My daughter sees a Dad/husband who is happy, he enjoys being a husband and a father.....he devotes himself to his family...she sees her dad come home every day with a smile looking for Mom to kiss her & wrap his arms around her, she sees how he puts her 1st and even the children's needs before his.... if they need their bike fixed, if Mom needs a project done, he is there with his tools. He saves them the last cookie. 

He always helps them with their homework, this comes before anything he wants to do. If she is excited to watch a movie -he will take the time to sit down & watch with her, play games with her, he sometimes picks her up & twirls her around, and puts her upside down mopping the floor with her hair....she loves her dad! 

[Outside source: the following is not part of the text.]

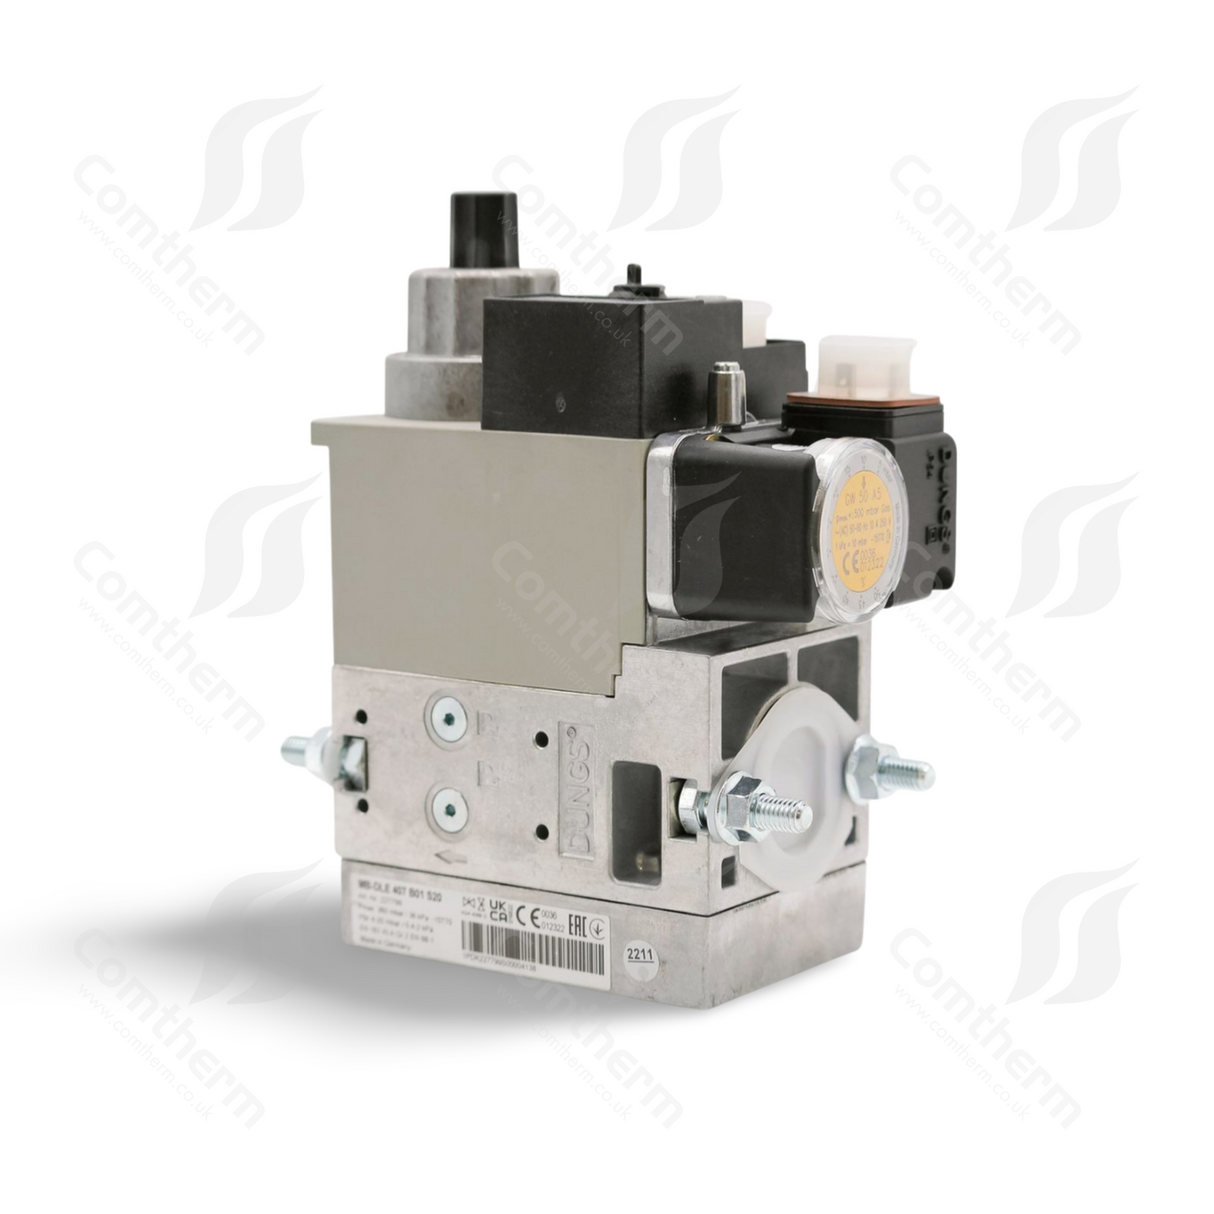 Dungs MB-DLE 407 B01 S50 + GW150A5 Multiblock-Gasventil – 110 V

She hears much laughter between him & myself, even behind closed doors at times, she sees how we hold hands if we take a walk, we snuggle when we watch tv togehter, we flirt & we are always talking. 

She sees that her dad makes Mom very happy, and sometimes she may even be jealous we spend so much time together, leaving the kids at home for an overnighter or go for a bike ride alone. She has never seen him hit Mom..... she has heard him raise his voice at times....well...because Mom deserves it sometimes! She may even laugh...She is on HIS SIDE.... Mom needs put in her place ...then Mom usually laughs too- cause she knows Dad is right, Mom is getting out of hand. 

She has even told me she hopes to marry someone just like her dad someday.

In our bathroom, we have a little chalkboard picture frame with a pic of the me & dad in it, and she will write on it "I love you Mom & Dad".... when she gets mad at me, I will notice "Mom" has been erased- but it still says "I love you dad". Funny... she never erases dad ! No, dad is always "good", it is only Mom who gets erased from time to time. 

Will she find a man like her dad someday to marry .... these will be hard shoes to fill....the bar is set pretty damn high, but it is my greatest hope for my daughters future.


----------



## applelemon (Jan 17, 2012)

I wish I had similar experiences with SimplyAnonymous... so envious. I don't have a daughter but this is what I learned. 

Since coming back to my parents home, I've noticed more and more the importance of interests and long-lasting passion in a marriage. My mother often confides in me that she wishes to leave my father after my lil bro is graduated. I tell her she should do what she thinks is best but inside I really feel hurt.

It makes me confused about my own relationships with men. If it will last and if there is such thing as everlasting love.

I remember when I was about 4. My mother was crying after a argument with my dad. Then when I was about 8 or 9 I remember hiding behind a sofa with a suitcase my mother was packing. They were arguing and I was confused and scared. My mother and father rarely held hands and at times I wondered why they were together or if they even loved each other. Marriage and love seemed forced and a job in my eyes. I never remember my father coming back and hugging or giving my mother a kiss. He's a great father and my mother is great too but between them, and their relationship together, I mostly learned that marriage is a painstaking process. I still watch them today and it makes me doubt if marriage and love is worth it.


----------



## daisygirl 41 (Aug 5, 2011)

My daughter knows that even though me and daddy are having a bit of a tough time at the moment daddy still cares and respects mummy and that no matter what happens in the future daddy will always love his little girl and always be there for here whatever she needs and whenever she needs it.

H adores our daughter and I swear whatever the future holds for our 
Marriage I will never do anything to jeopardise their special relationship
_Posted via Mobile Device_


----------



## sinnister (Dec 5, 2010)

I honestly don't know.

I hope they both see a father that:

Loves to hug them both EVERY day no matter what
Loves there mother 
Is caring and nice even though he has a temper
Will be there for them always


----------